Lichtsteiner: "Quanto ho goduto con lo scudetto 2018"... quello perso in albergo da Sarri
L'ex terzino della Juventus ha raccontato anche gli allenamenti con Antonio Conte in panchina e si è soffermato sullo scudetto del 2018.

Stephan Lichtsteiner, ex calciatore di Lazio e Juventus, attraverso l'intervista rilasciata alla Gazzetta dello Sport, ha evidenziato i momenti migliori della sua carriera: "Ho vinto sette campionati e molti trofei, ma ho anche perso tanto: due finali di Champions con la Juve".
"Una di Europa League con l’Arsenal. Lo sport è così. Da giovane coltivavo i miei sogni, ma mi allenavo duramente per realizzarli mentre prendevo il diploma assicurandomi un eventuale impiego in banca, se con il calcio non fosse andata bene. Allenamenti di Conte? Erano massacranti. Però non è quella la cosa che più mi resta nella mente. Conte ti mandava in campo sapendo tutto: cosa avrebbero fatto gli avversari, cosa sarebbe successo, come reagire a ogni situazione tattica".

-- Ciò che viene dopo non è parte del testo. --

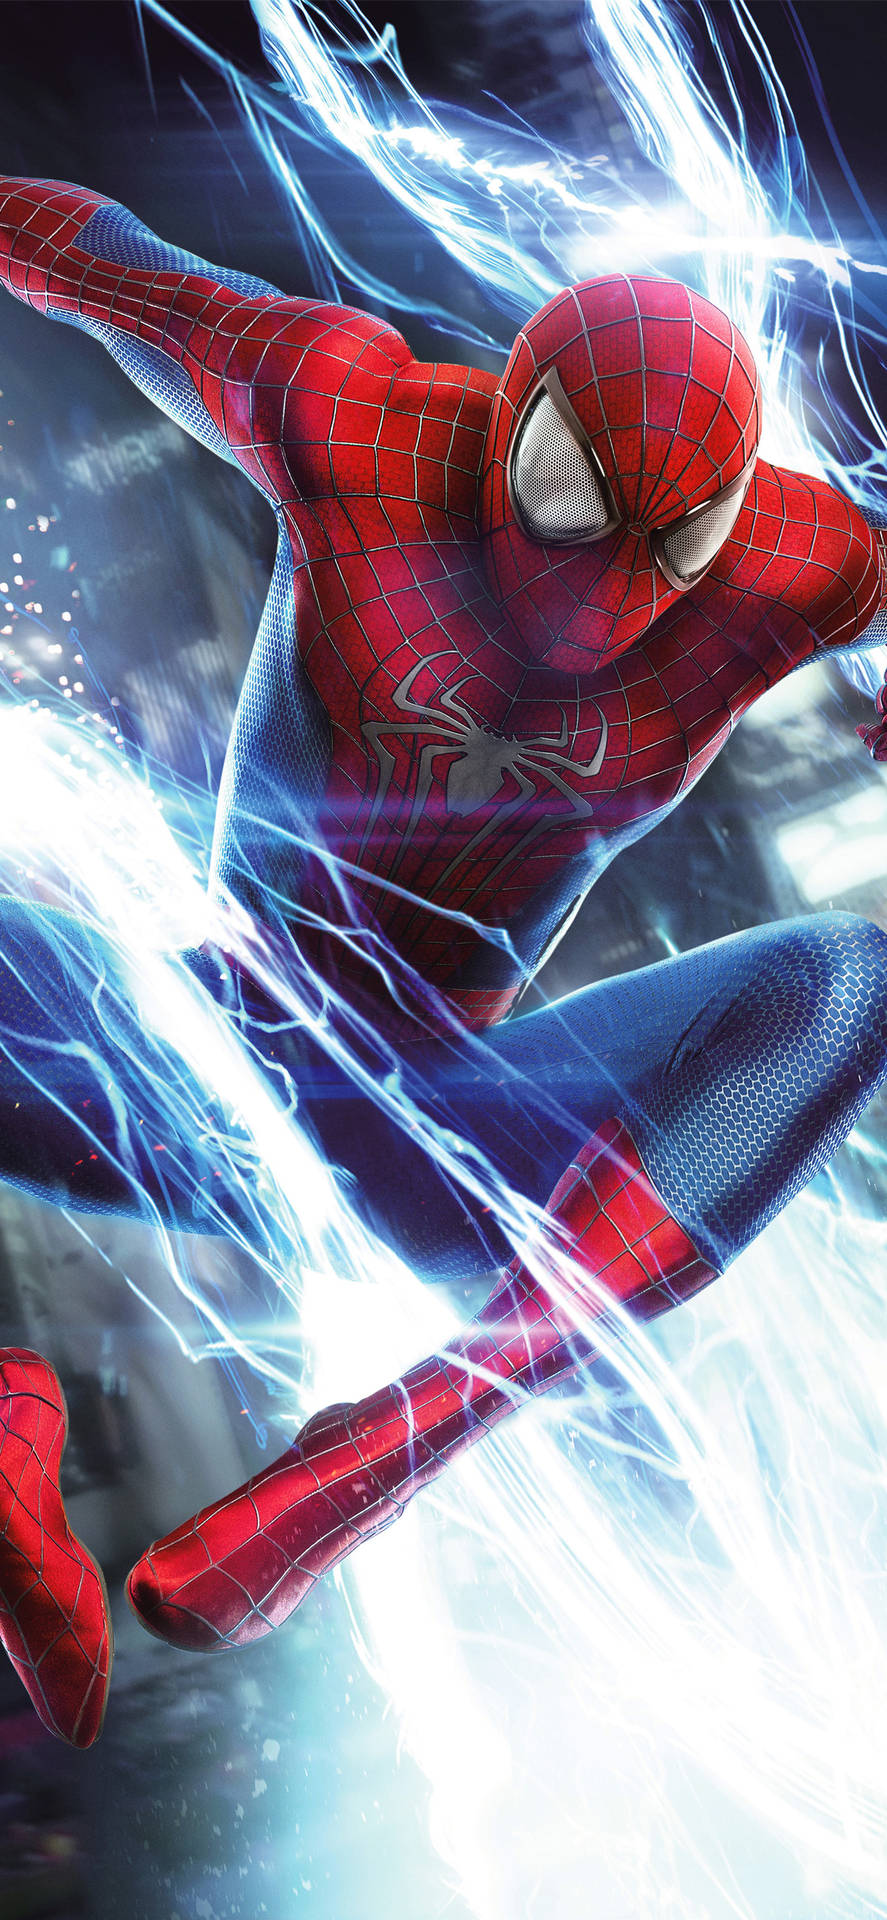 ¡esel Increíble Spider-man! Fondo de pantalla

"Avevamo sempre qualcosa in più. Giocare con la Juve è completamente diverso e Conte te lo faceva capire. Ci diceva sempre che per restare nella storia bisogna vincere".
Chiosa sullo scudetto che si è goduto di più con la maglia bianconera: "L’ultimo scudetto, cioè quello del 2017-18, è stato il più sofferto: noi siamo stati bravi, ma non perfetti e il Napoli ci stava addosso. Me lo sono goduto, anche se sapevo che sarei andato via". Sarebbe il titolo famoso... che il Napoli di Sarri perse in albergo a Firenze.